Soutenance de thèse d'Andreas Filipp

lundi 13 juillet 2026, 11:00 à 14:00
En personne
Gratuit
Campus MIL
Complexe des sciences, 1375, avenue Thérèse-Lavoie-Roux , b1007
Montréal (QC) Canada  H2V 0B3

Description


Probing Subgalactic Dark Matter with Strong Gravitational Lensing and Machine Learning

LCDM, the standard model of cosmology, successfully describes the large-scale structure of our universe. However, small-scale observations present discrepancies that motivate alternative dark matter (DM) models, such as Warm Dark Matter (WDM), which match large-scale predictions while altering small-scale behavior. Strong gravitational lensing provides a purely gravitational probe sensitive to all matter regardless of its nature.

This allows to probe all over- and under-densities along the line-of-sight (LOS), and is not only limited to the main deflector.

Upcoming surveys, such as the Legacy Survey of Space and Time (LSST), are expected to discover an unprecedented number of strong lenses. Traditional lens modeling and inference frameworks, especially with the goal of constraining DM, are computationally intractable for this large volume of lenses.

To overcome these barriers, this thesis leverages machine learning methods to explore LSST's potential to probe the nature of DM, evaluate the limitations of simulation-based inference (SBI) methods, and explore refining the theoretical predictions of the DM halo mass function (HMF) based on observations of the stellar light of the lensing galaxies.

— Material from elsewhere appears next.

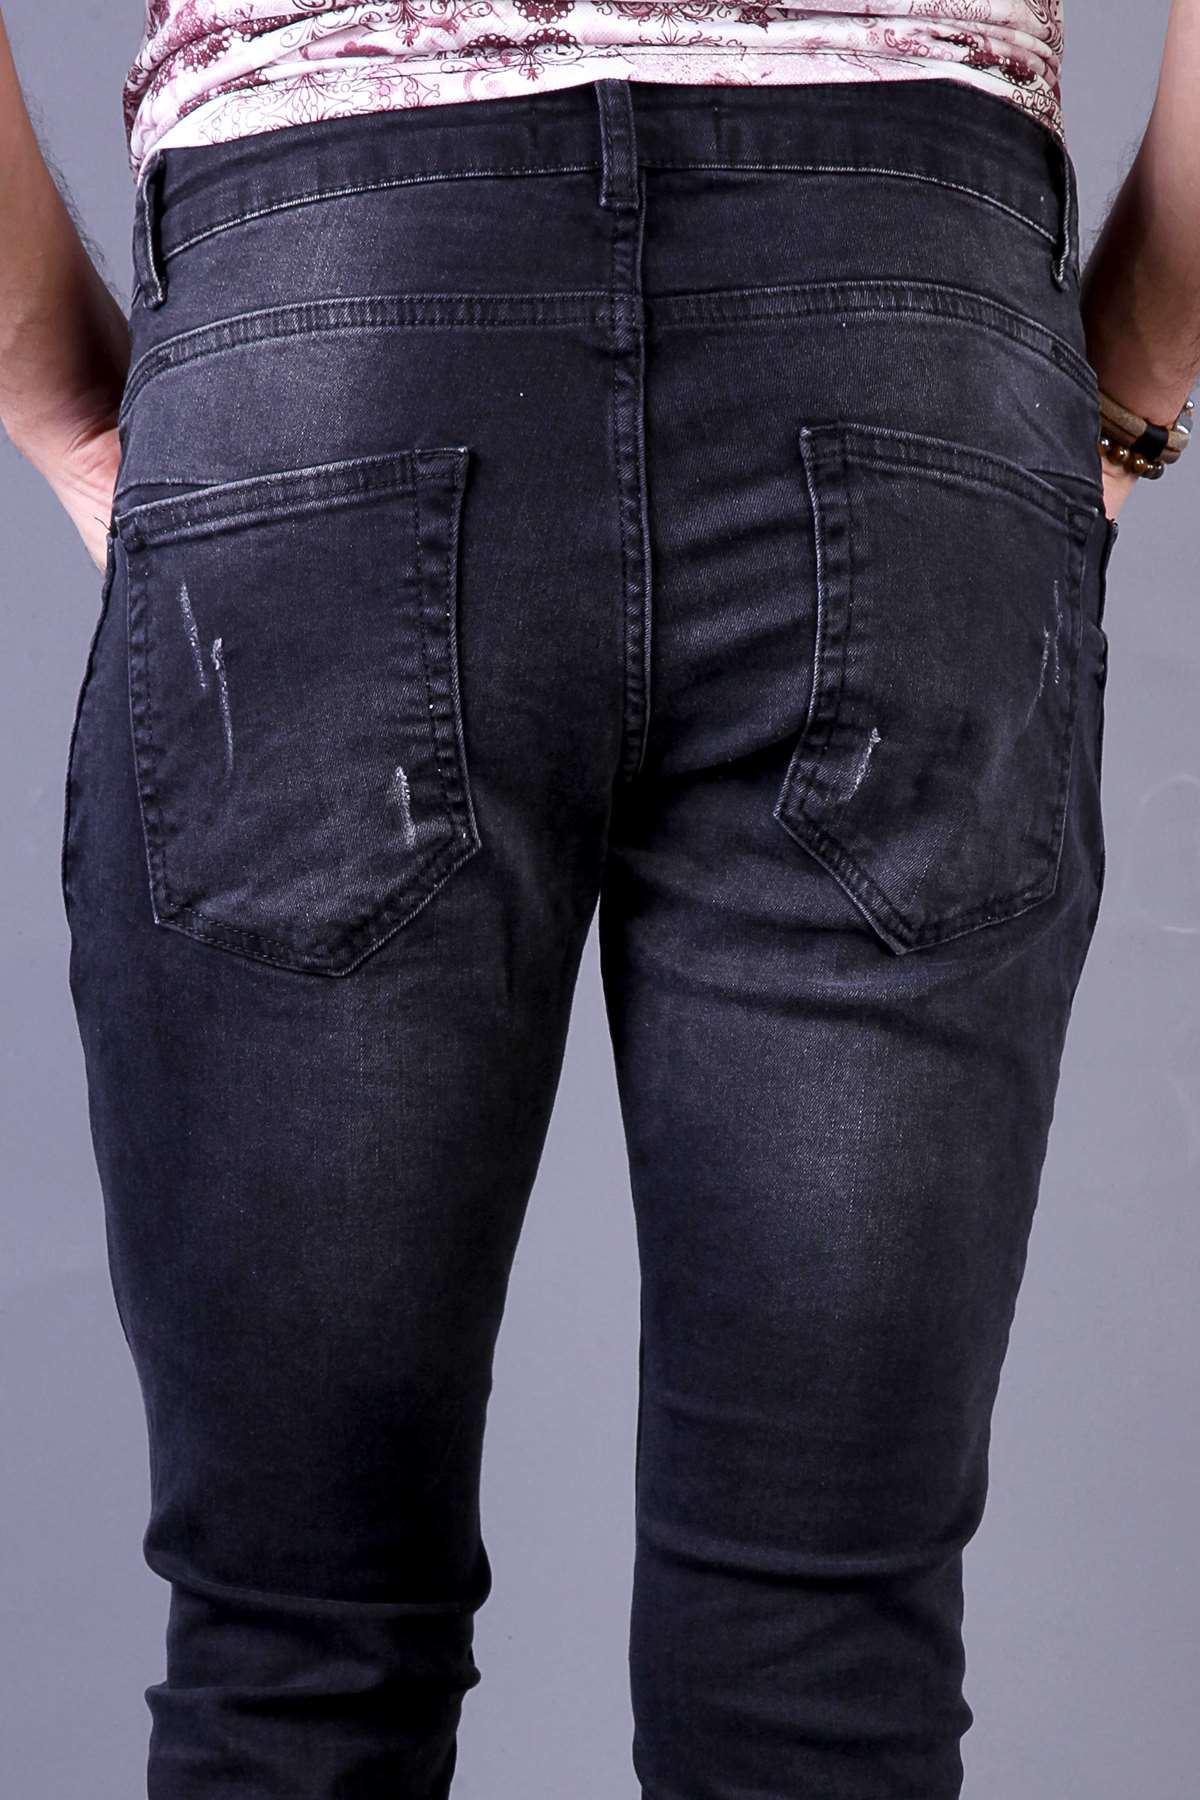 Paça Yan Fermuarlı Diz Yama Yırtıklı Bilek Boy Kot Pantolon Siyah
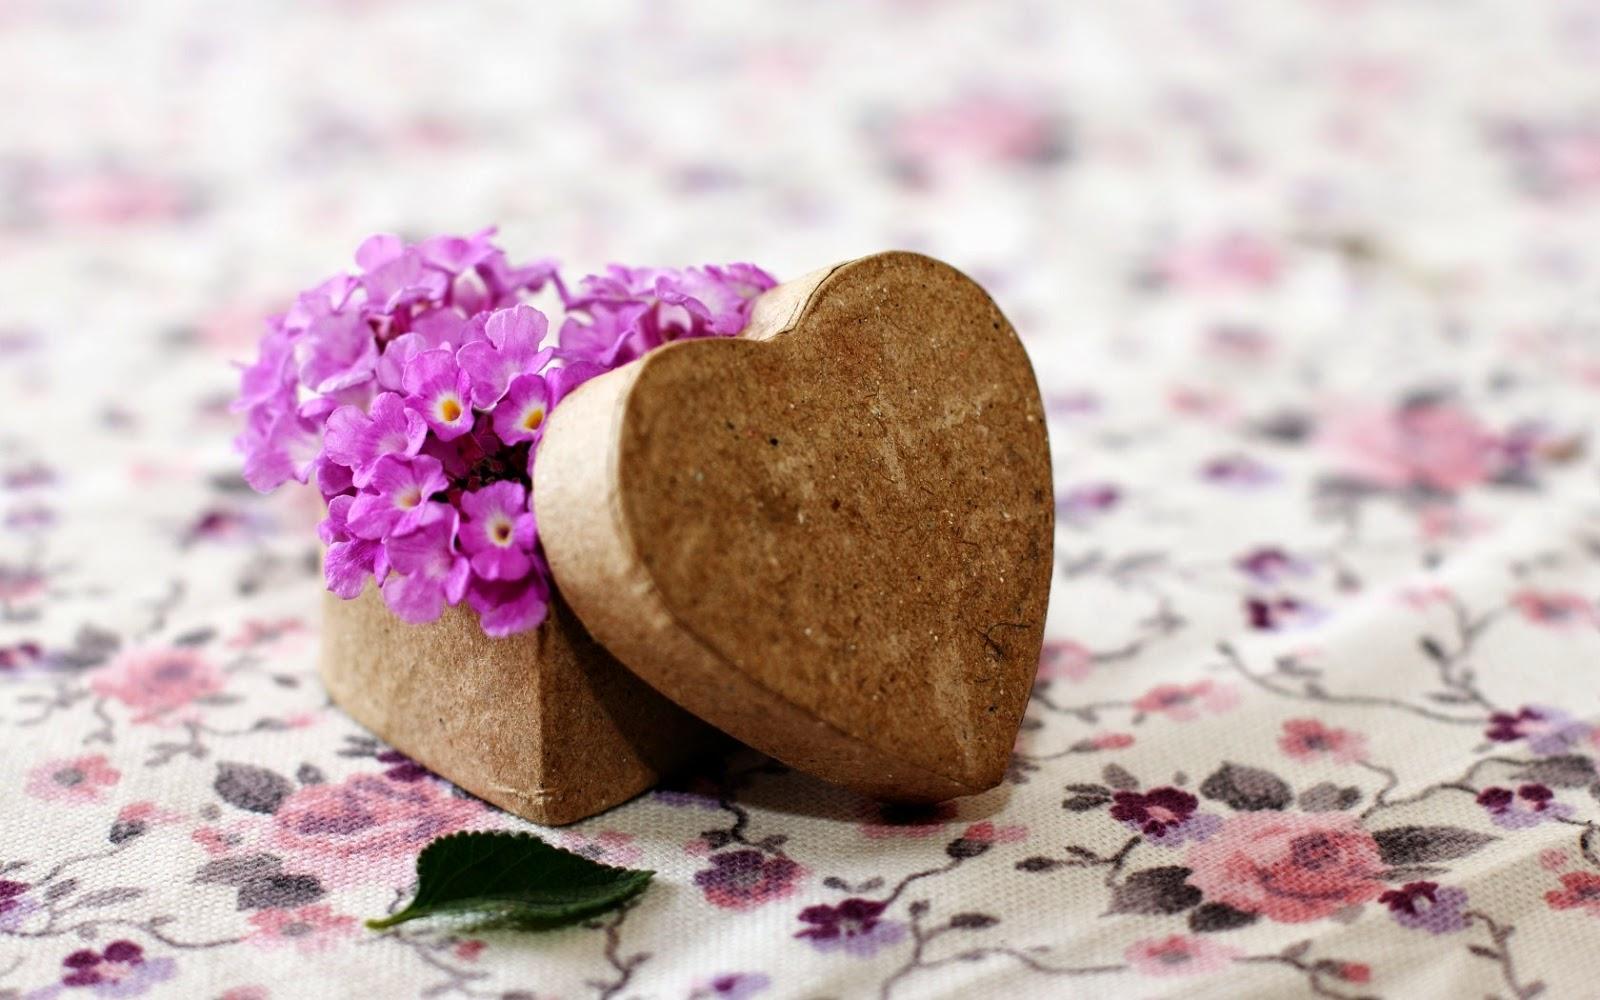 بالصور صور قلوب حب , رمزيات معبرة عن الحب 4887 12

To enable scalable and fast generation of strong lens simulations and their integration in neural networks, this work contributes to the development of caustics, a GPU-accelerated, fully differentiable strong gravitational lensing simulator built in PyTorch. Using caustics, the thesis conducts a forecasting study on the sensitivity of LSST to subgalactic DM structure using Neural Ratio Estimators (NREs).

The study demonstrates that a sample of 2,500 strong lenses in this ground-based image quality can provide constraints on the population-level parameters of the HMF, enabling statistically significant exclusions of non-CDM scenarios. The study shows that both low-mass halos (down to 107  ) and LOS halos contribute to the constraining power. This means that low-mass and LOS populations need to be modeled in lens analyses to avoid artificially weakened or biased constraints.

This is in contrast to what is usually done in strong lens analysis, where LOS halos are ignored, and usually only one massive subhalo at a time is modeled, instead of the full population.

SBI methods like NREs and Sequential Neural Posterior Estimators (SNPEs) offer fast and amortized inference once trained.

This thesis investigates the robustness of these frameworks to distributional shifts and model misspecifications that can be expected to occur when moving from simulated data to observations.

Even minor, realistic deviations between training and test data, such as small differences in background source morphology or macro-lens parameters, can induce significant and unpredictable biases in the inferred DM population parameters. This highlights a critical vulnerability in current SBI applications and underscores the need for caution when applying them to real astrophysical data.

To bridge the gap between observational constraints on the subhalo mass function (SHMF) of individual galaxies and theoretical predictions, the thesis addresses the inherent galaxy-to-galaxy variance of the SHMF within the same cosmology.

The SHMF depends on the morphology, the environment, the merger history, and potentially many other quantities of the individual galaxy, causing a big variance of SHMFs between different galaxies.

For this, we use 1,024 high-resolution hydrodynamical zoom-in simulations from the DREAMS (DaRk mattEr and Astrophysics with Machine learning and Simulations) simulations suite with mock observations generated by Synthesizer, a code to emulate galaxy observables from hydrodynamic simulations.

We create a combination of a Variational Autoencoder (VAE) and a conditional Normalizing Flow (NF) to predict the galaxy-specific SHMF directly from observable galaxy morphologies and an assumed DM particle mass, whilst marginalizing over baryonic variance.

We show that the information from the galaxy images yields generally tighter and more precise posteriors on the SHMF parameters than relying solely on the DM particle mass.

This approach demonstrates that morphology-conditioned priors yield significantly tighter constraints than theoretical averages.

In summary, this thesis provides infrastructure and methodologies to pave the path to the goal of distinguishing between CDM and alternative DM models in the upcoming decade of wide-field surveys.